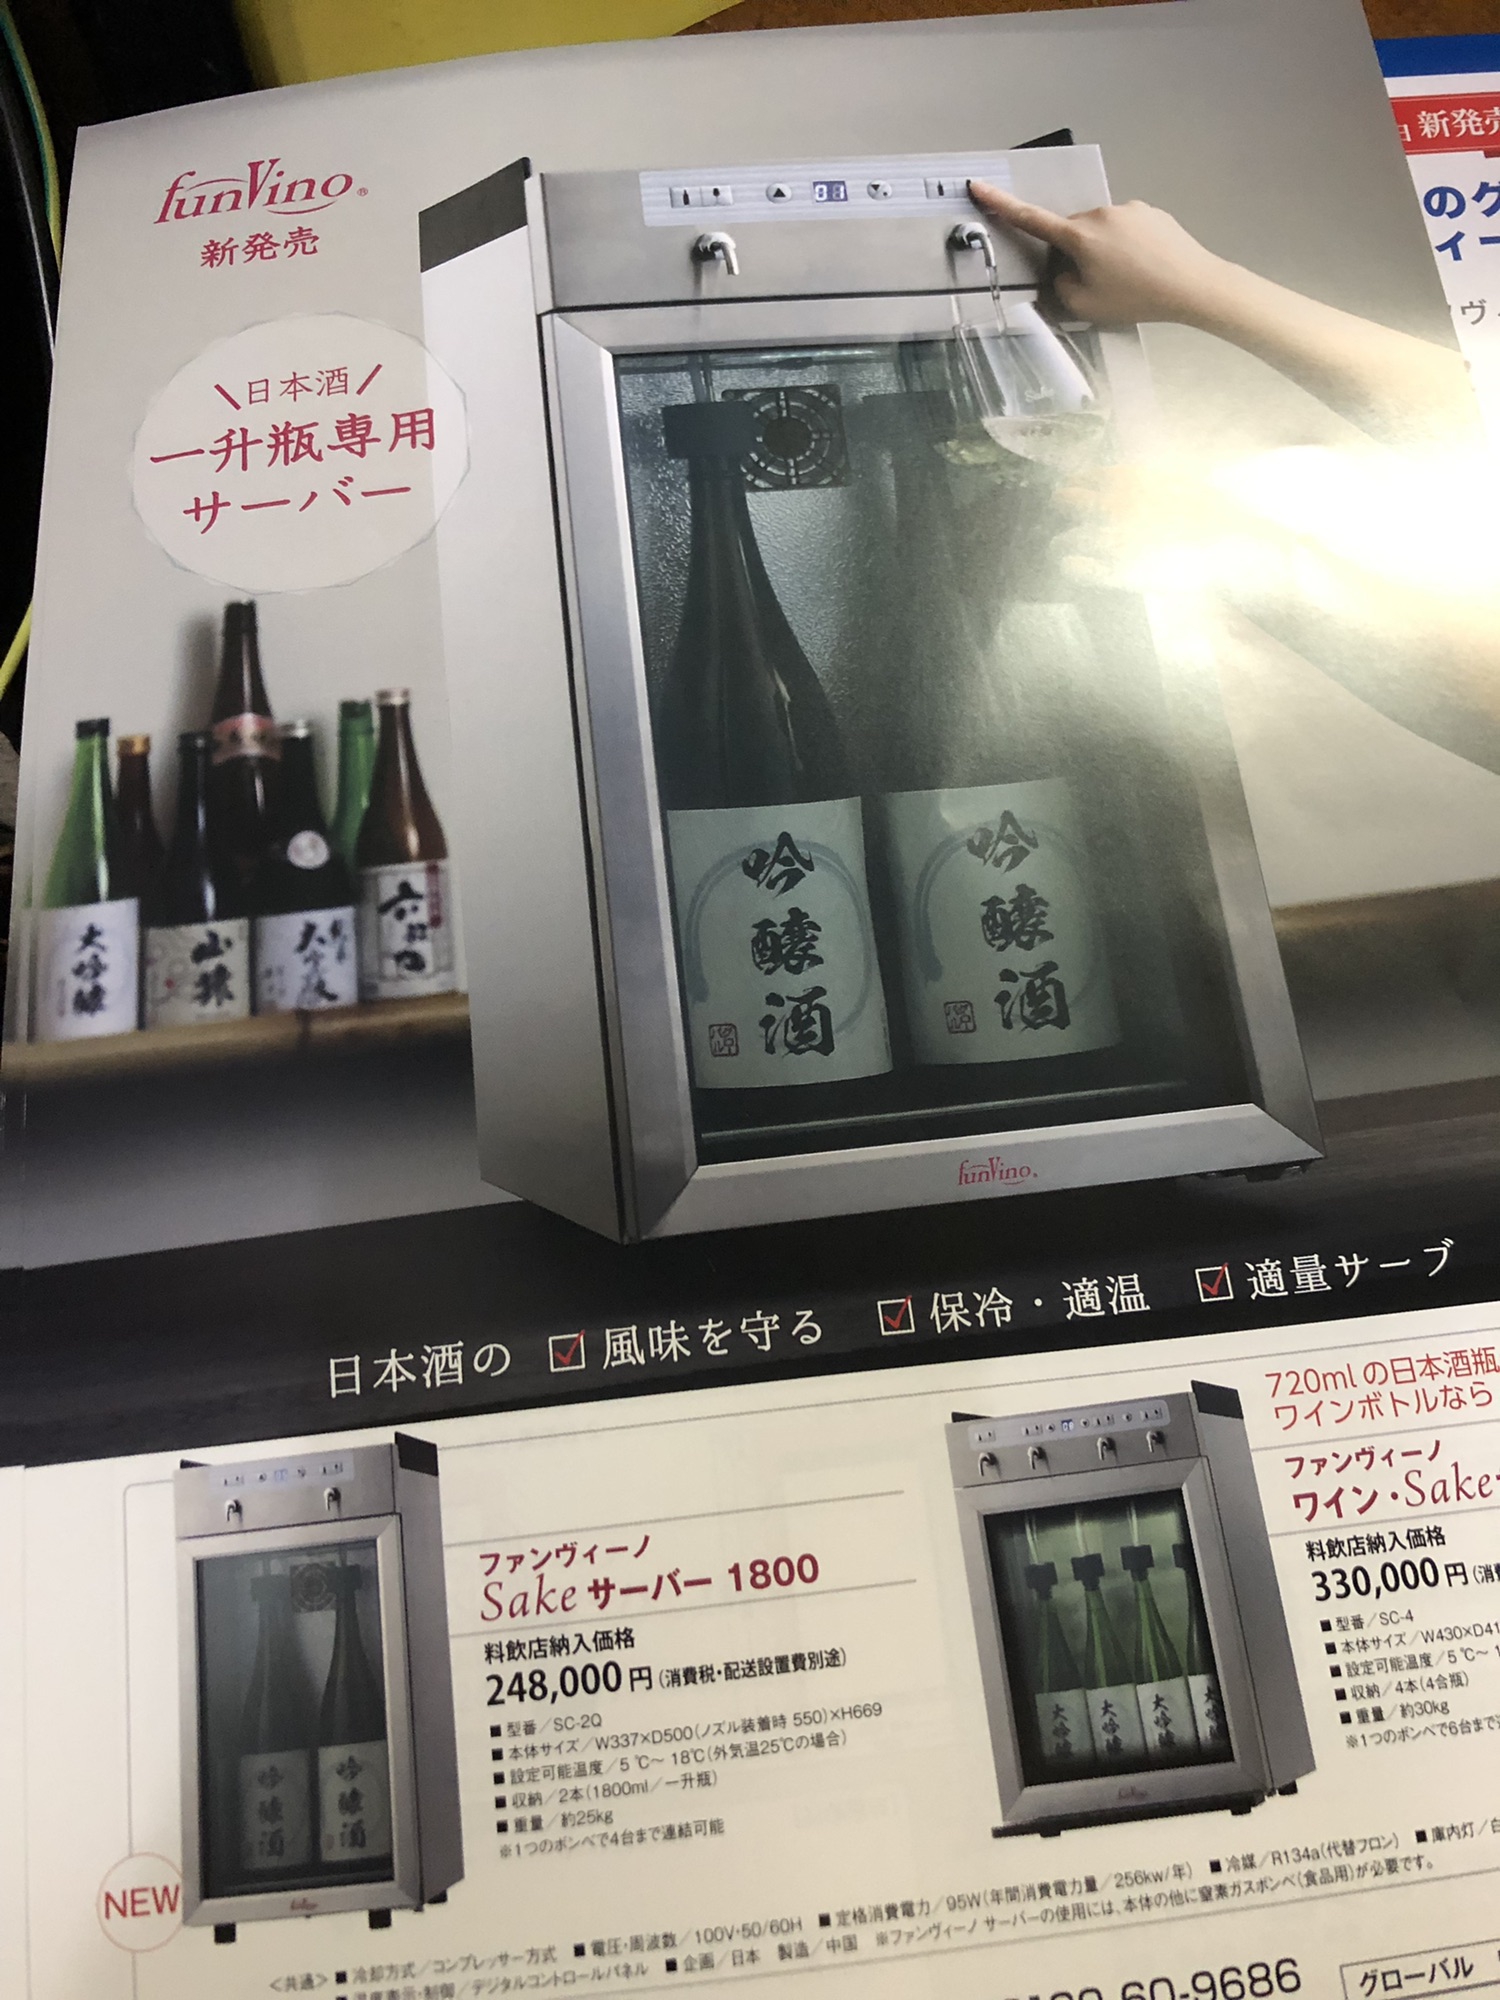 ファンヴィーノワイン・sakeサーバー(sc-4) - ワイン
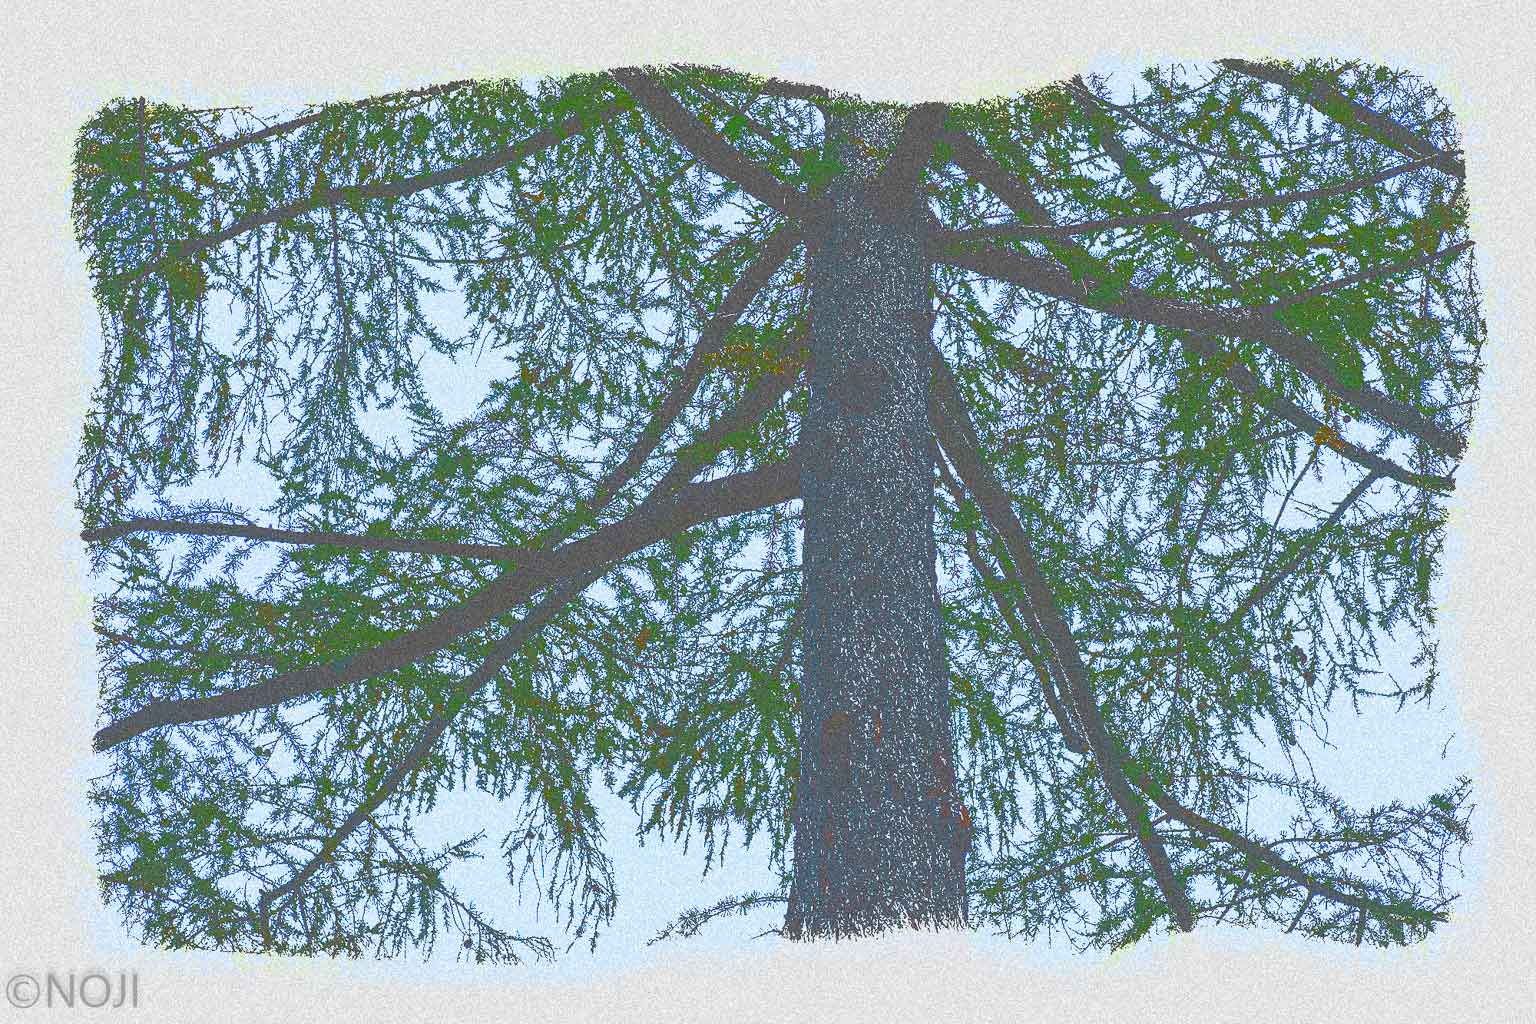 xtz0006 the Pine Tree
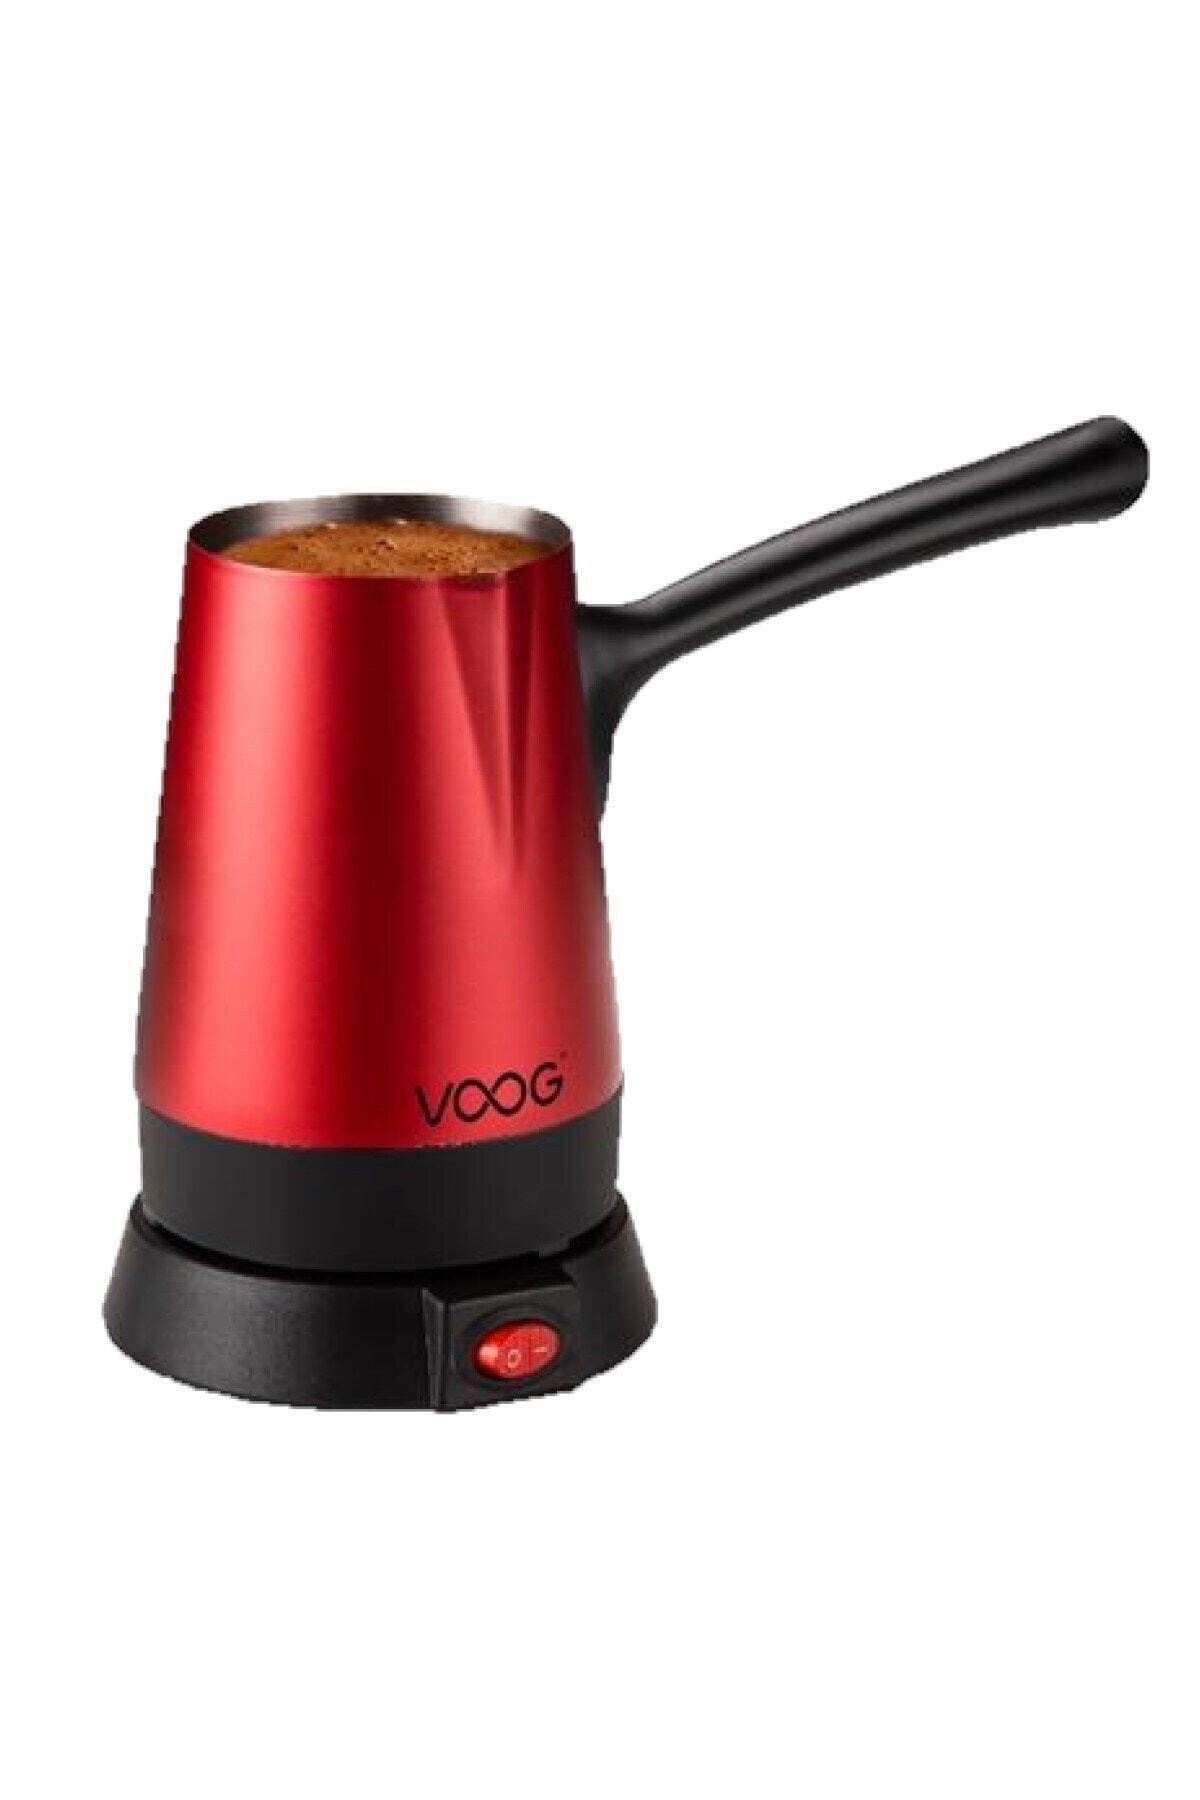 Voog J101 Lps-01-02 Kırmızı Kahve Makinası 800 W

**What the task asks**
Restate all of the data word for word and include no pictures.

**Expected output**
 ファンヴィーノワイン・sakeサーバー(sc-4) - ワイン
 xtz0006 the Pine Tree
 Voog J101 Lps-01-02 Kırmızı Kahve Makinası 800 W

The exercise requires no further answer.